Deborah Ann Googe (born 24 October 1962) is an English musician, best known as bassist for the band My Bloody Valentine. She has also worked with Snowpony, Primal Scream and Thurston Moore.

My Bloody Valentine
Googe was born in Yeovil, Somerset, England. Prior to joining My Bloody Valentine, she played for a band called Bikini Mutants in her hometown of Yeovil, who gigged with The Mob. Googe had moved from Yeovil to London, and in early 1985, an ex-girlfriend of hers recommended her as a bass player to Kevin Shields and Colm Ó Cíosóig of My Bloody Valentine. She joined the band after an audition in April 1985. She left the group in 1996, noting she "hadn't been happy for a long time".

Googe is known for her raucous style of bass playing in MBV's live performances.

Googe joined My Bloody Valentine's 2007 reunion, and their subsequent tours.

Work outside My Bloody Valentine
After leaving MBV in 1995, Googe briefly became a taxi driver. She formed Snowpony in 1996 with her then-girlfriend, Katharine Gifford, formerly of Stereolab. They released three albums and four EPs between 1997 and 2003.

She occasionally plays keyboards with the massed fuzz organ experimentalists band Pimmel and also plays drums and sings backing vocals for Rockhard.

In 2012 it was announced that Googe would be the new bassist for Primal Scream, replacing Mani after his departure to rejoin The Stone Roses.

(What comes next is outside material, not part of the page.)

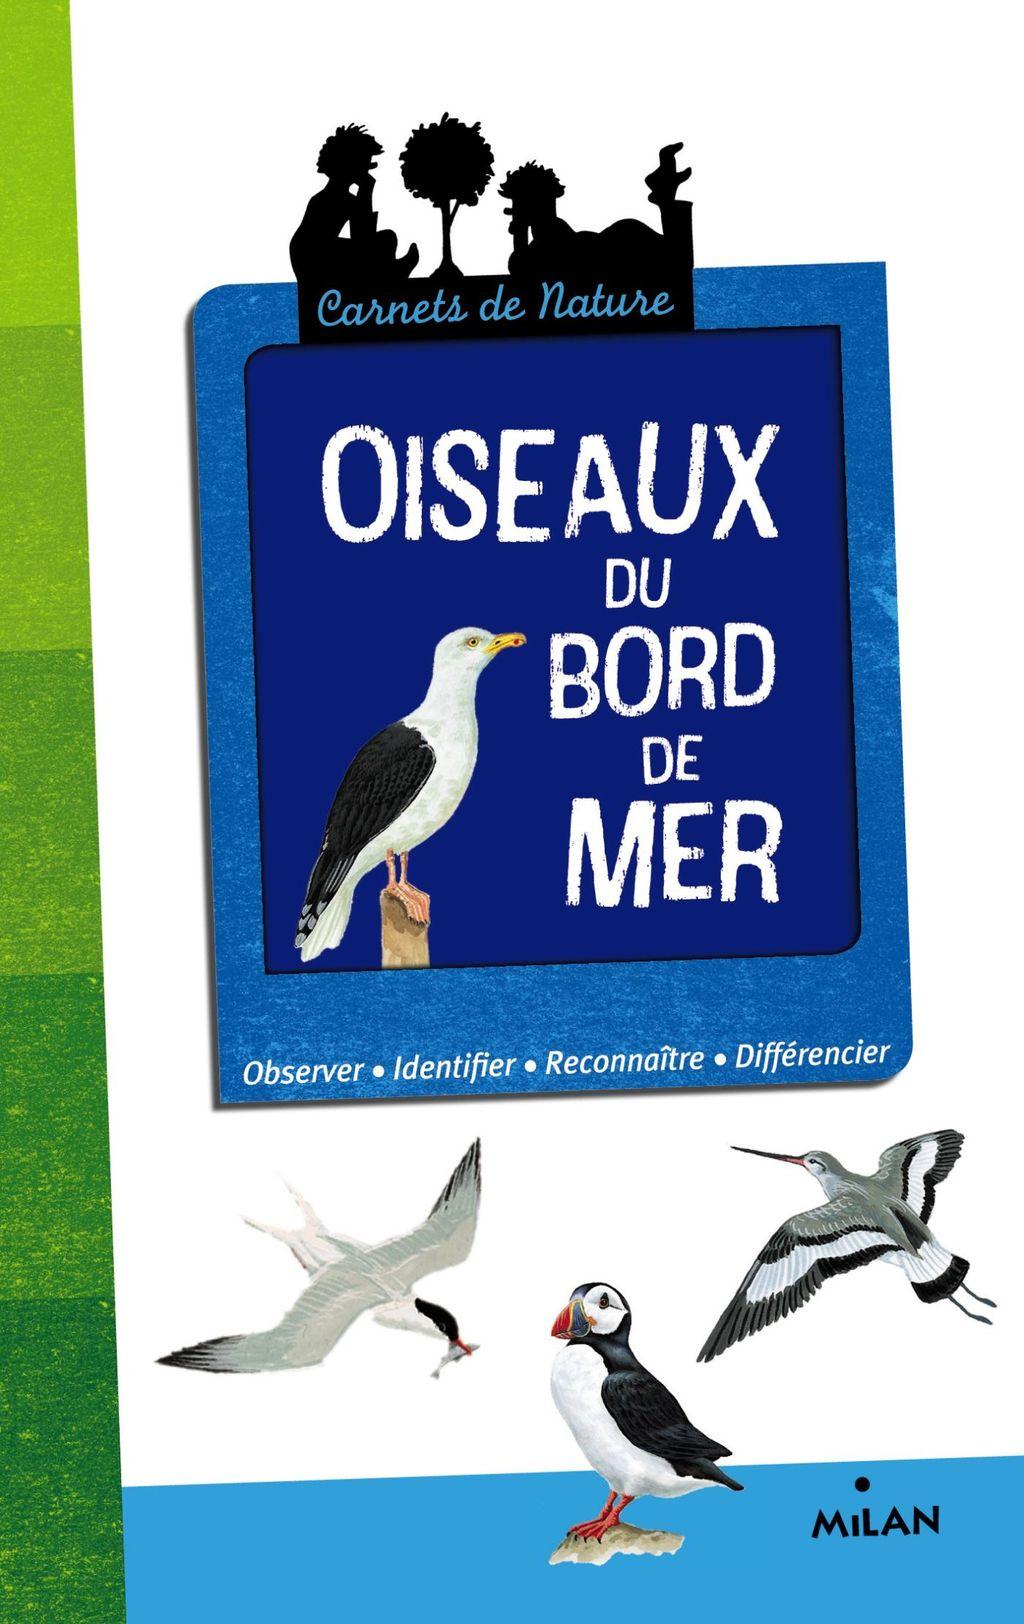 «Oiseaux du bord de mer» cover

She was subsequently succeeded by Simone Butler.

On 4 August 2014, Googe joined Thurston Moore for his solo project The Best Day, and continued this collaboration with his subsequent albums Rock n Roll Consciousness in 2017 and By The Fire 2020, alongside Steve Shelley, and the UK musicians James Sedwards. and Jem Doulton.

She also contributed bass for two tracks on the 2018 Tim Burgess album: As I Was Now.

And collaborated with the American poet Ann Waldman for the 2020 album Shiamachy, along with William Parker and Laurie Anderson.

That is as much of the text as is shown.